Using rustc 0.12.0-pre (ef352faea84fa16616b773bd9aa5020d7c76bff0 2014-07-18 21:46:32 +0000)

use std::collections::PriorityQueue;
use std::uint;
#[deriving(Eq, PartialEq)]
struct State {
cost: uint,
position: uint
}
// The priority queue depends on `Ord`.
// Explicitly implement the trait so the queue becomes a min-heap
// instead of a max-heap.
impl Ord for State {
fn cmp(&self, other: &State) -> Ordering {
// Notice that the we flip the ordering here
other.cost.cmp(&self.cost)
}
}
// `PartialOrd` needs to be implemented as well.
impl PartialOrd for State {
fn partial_cmp(&self, other: &State) -> Option<Ordering> {
Some(self.cmp(other))
}
}
// Each node is represented as an `uint`, for a shorter implementation.
struct Edge {
node: uint,
cost: uint
}
// Dijkstra's shortest path algorithm.
// Start at `start` and use `dist` to track the current shortest distance
// to each node. This implementation isn't memory efficient as it may leave duplicate
// nodes in the queue.

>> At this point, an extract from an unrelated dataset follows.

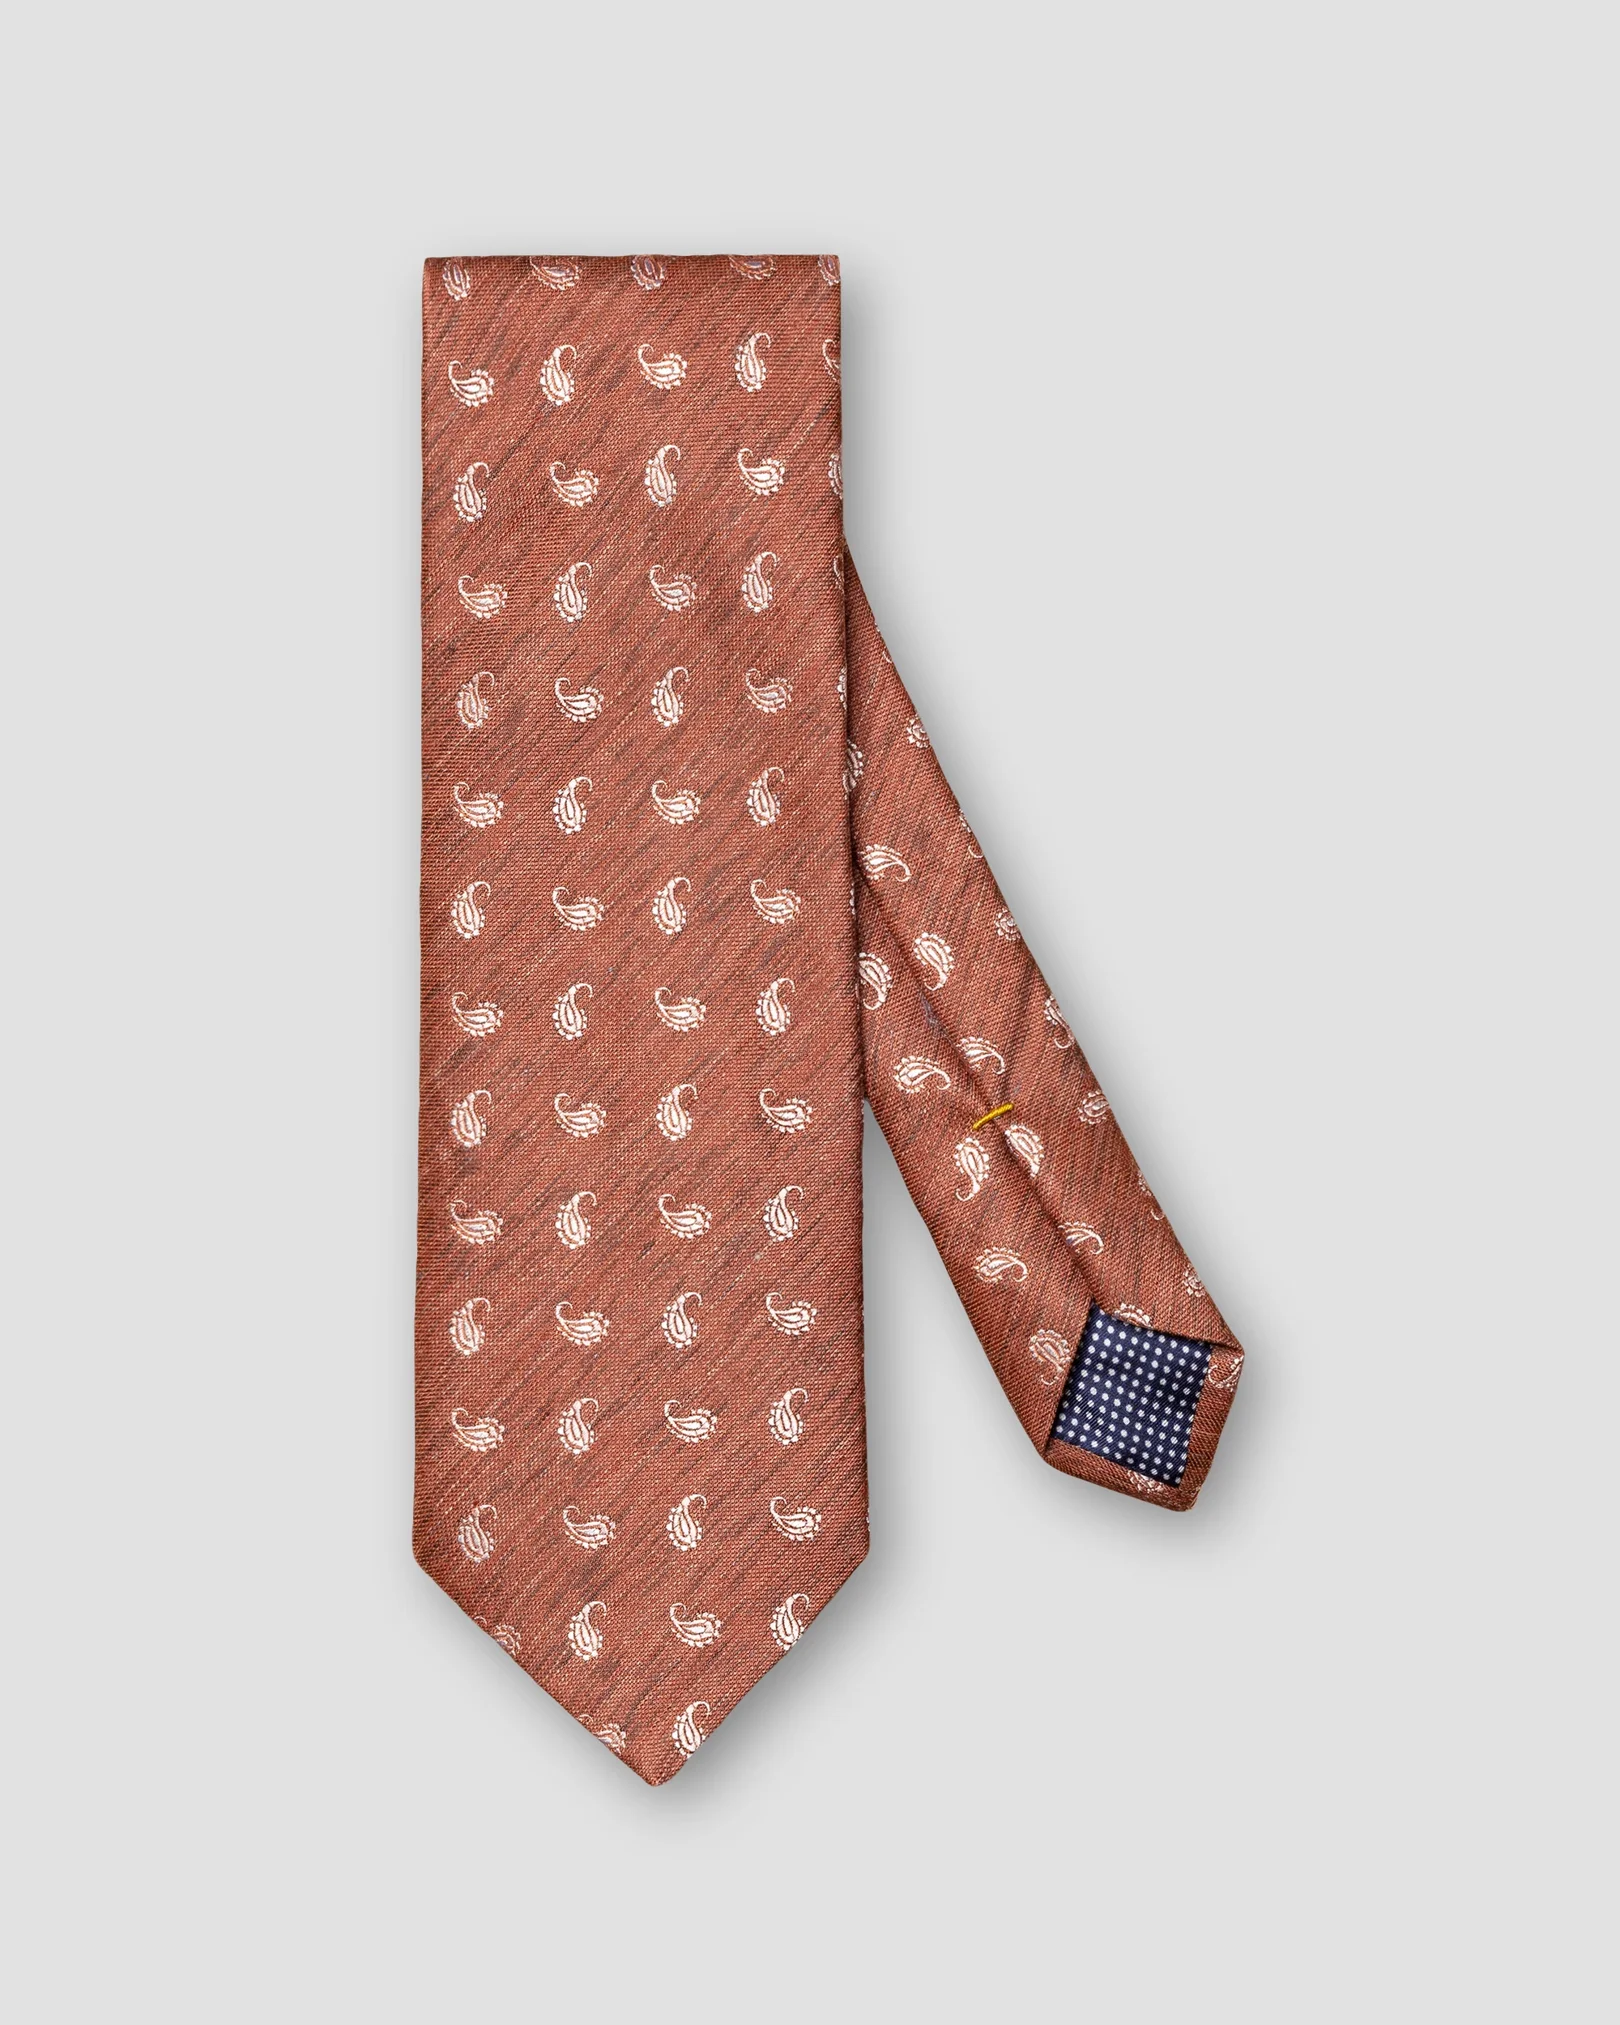 Eton - dark orange tie

It also uses `uint::MAX` as a sentinel value,
// for a simpler implementation.
fn shortest_path(adj_list: &Vec<Vec<Edge>>, start: uint, goal: uint) -> uint {
// dist[node] = current shortest distance from `start` to `node`
let mut dist = Vec::from_elem(adj_list.len(), uint::MAX);
let mut pq = PriorityQueue::new();
// We're at `start`, with a zero cost
*dist.get_mut(start) = 0u;
pq.push(State { cost: 0u, position: start });
// Examine the frontier with lower cost nodes first (min-heap)
loop {
let State { cost, position } = match pq.pop() {
None => break, // empty
Some(s) => s
};
// Alternatively we could have continued to find all shortest paths
if position == goal { return cost }
// Important as we may have already found a better way
if cost > dist[position] { continue }
// For each node we can reach, see if we can find a way with
// a lower cost going through this node
for edge in adj_list[position].iter() {
let next = State { cost: cost + edge.cost, position: edge.node };
// If so, add it to the frontier and continue
if next.cost < dist[next.position] {
pq.push(next);
// Relaxation, we have now found a better way
*dist.get_mut(next.position) = next.cost;
}
}
}
// Goal not reachable
uint::MAX
}
fn main() {
// This is the directed graph we're going to use.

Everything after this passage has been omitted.